To execute this job, use:

``` python
CUDA_VISIBLE_DEVICES=0,1 mpiexec -np 2 cudaq-qpud --port 30001 &

CUDA_VISIBLE_DEVICES=2,3 mpiexec -np 2 cudaq-qpud --port 30002 &

python3 observe-qml-remote-mqpu.py

```

Output:

``` python

Number of virtual QPUs: 2
Parameter shape:  (2, 30)
We have 2 parameters which we would like to execute
We split this into 2 batches of 1 , 1
Shape after splitting (1, 30)
Energies from multi-GPUs
-0.17012869483974752
-0.9906678983711331

```

``` python

cudaq.set_target("remote-mqpu",
                    backend=backend,
                    auto_launch=str(servers) if servers.isdigit() else "",
                    url="" if servers.isdigit() else servers)

```


If the use case is simple enough, then the CUDA-Q runtime can auto-launch the server for you.
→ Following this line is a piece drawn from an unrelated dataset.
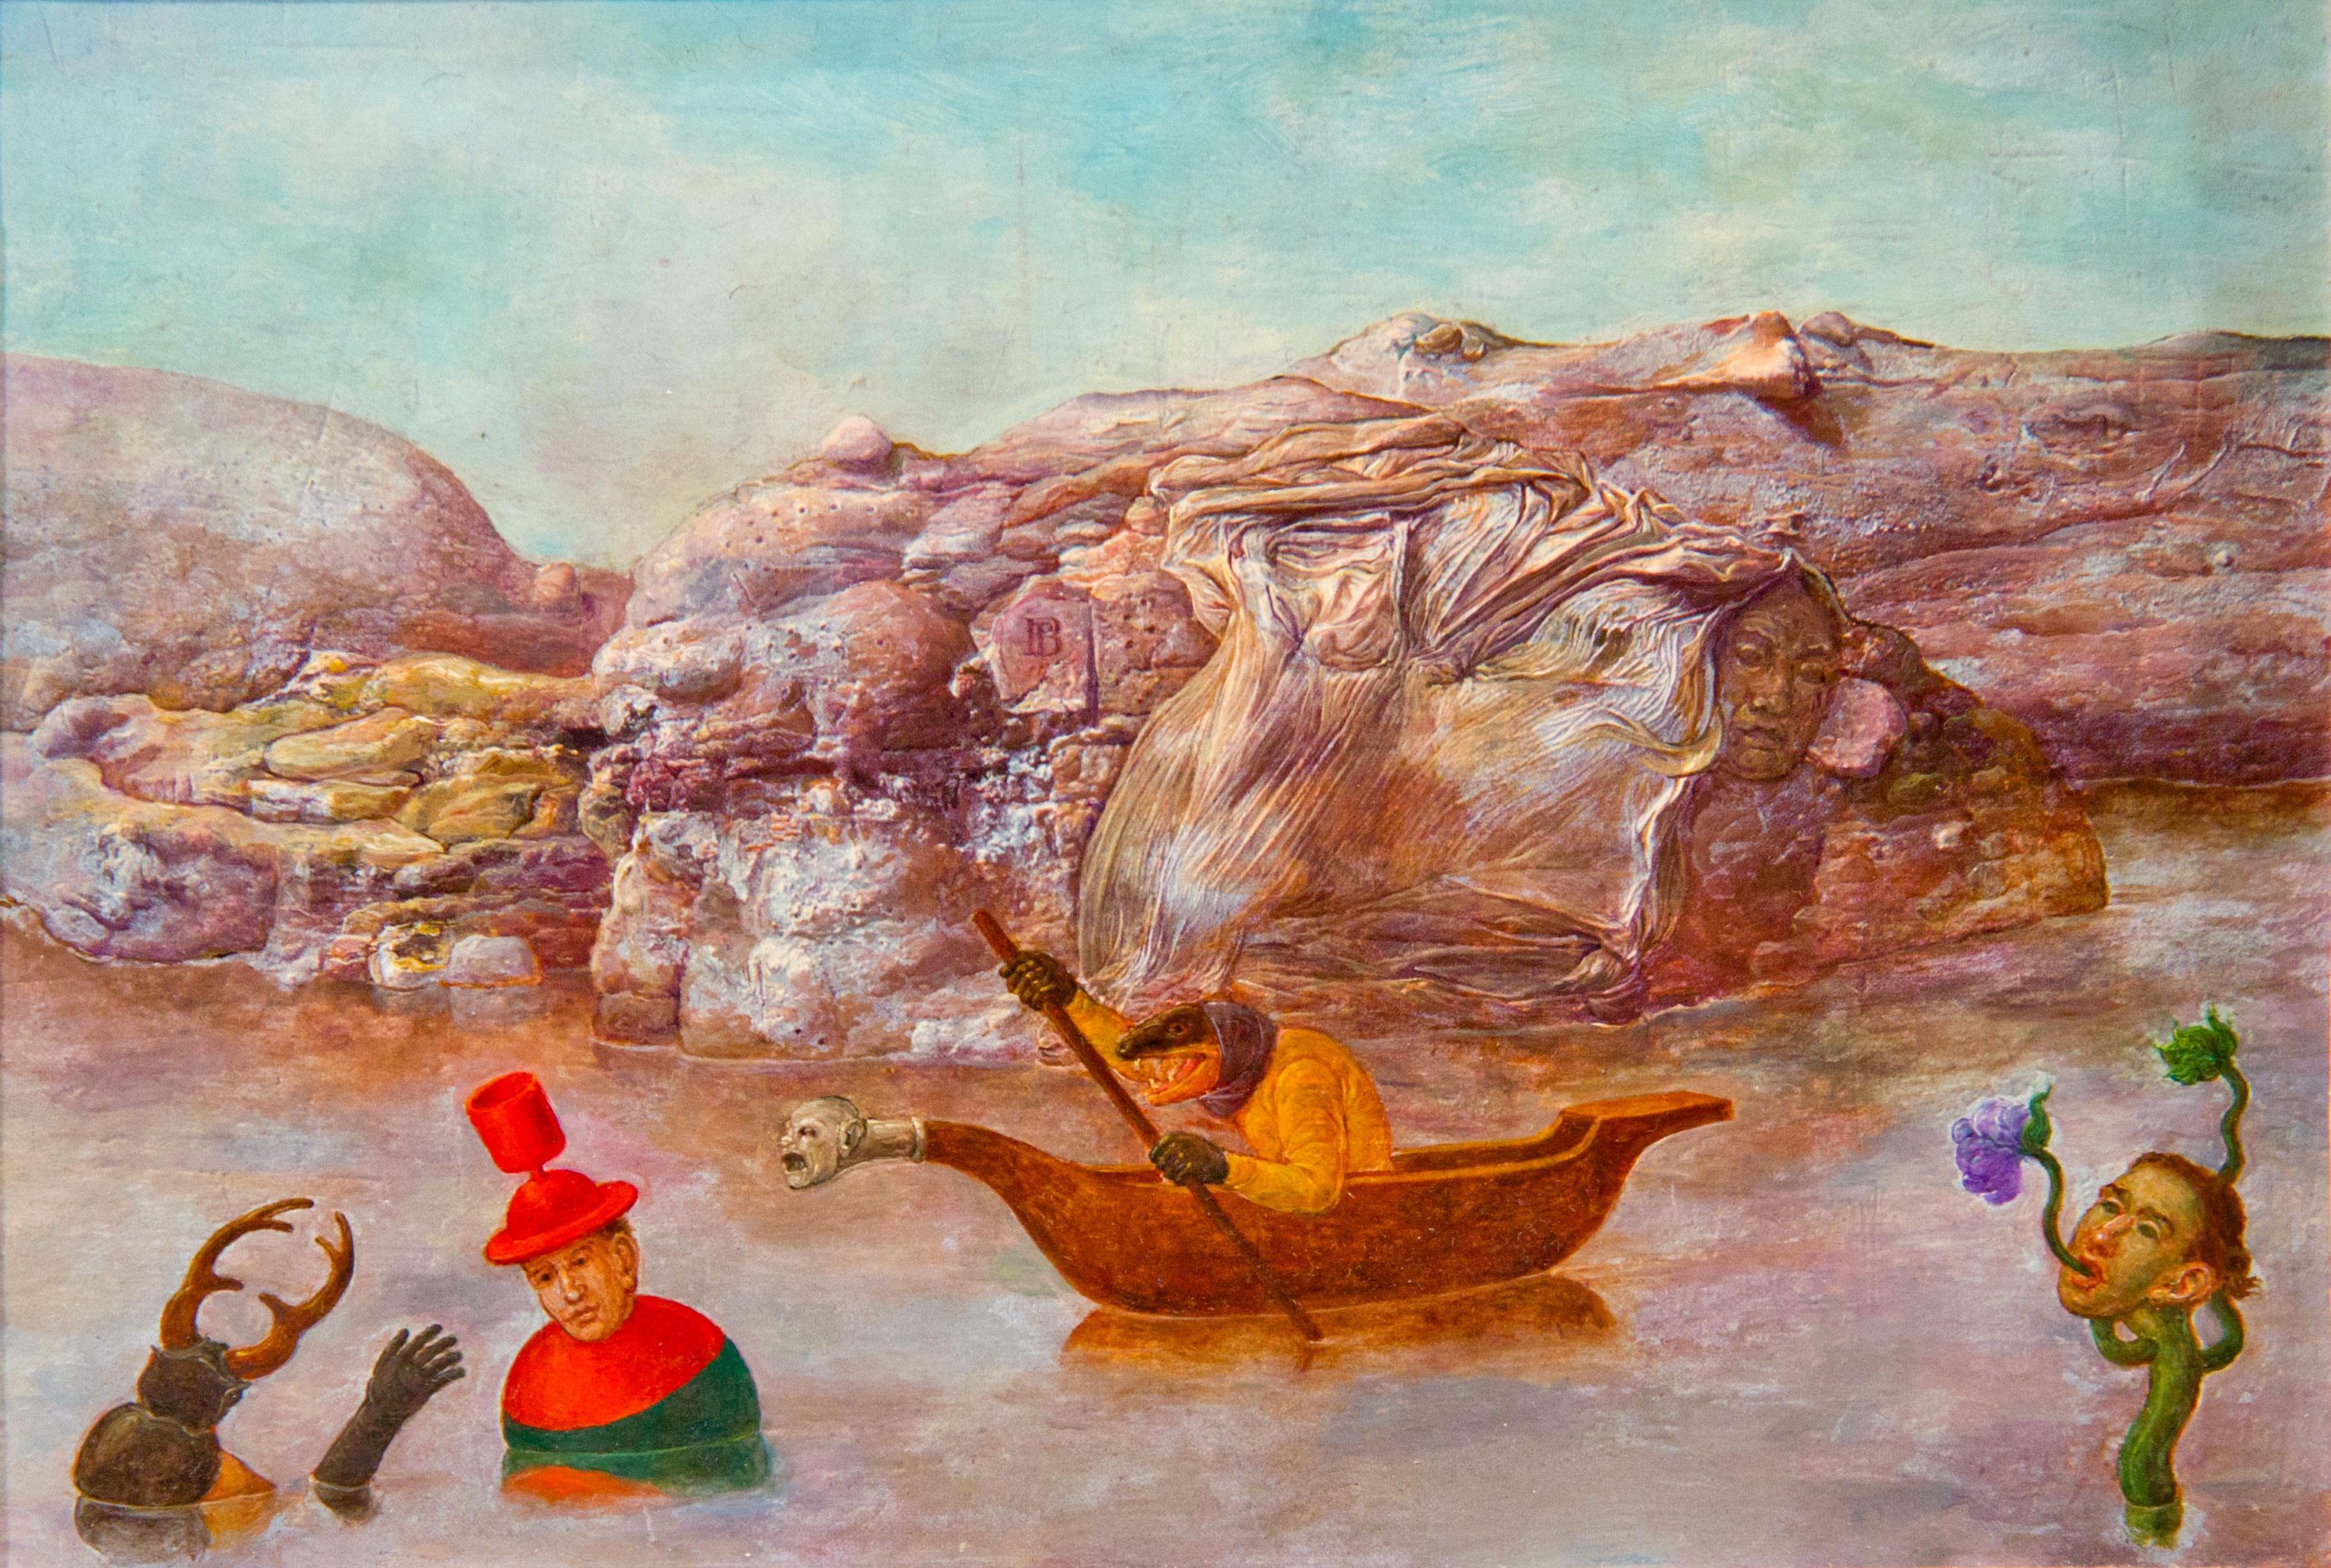 Philippe Briard - Au Fil de l'eau, 2005, huile sur panneau, 20 x 14 cm

For example, if servers is '2', then auto_launch='2' and url=''. The CUDA-Q runtime will interpret that to mean that it should auto-launch 2 servers and it will auto-pick the ports, so the user doesn't need to specify the URL.

But if servers is a comma-separated list of servers (like 'localhost:30001,localhost:30002' ), then auto_launch='' and url='localhost:30001,localhost:30002' . That means the CUDA-Q runtime WON'T auto launch the servers and will use the provided url to connect to when submitting programs to the backend.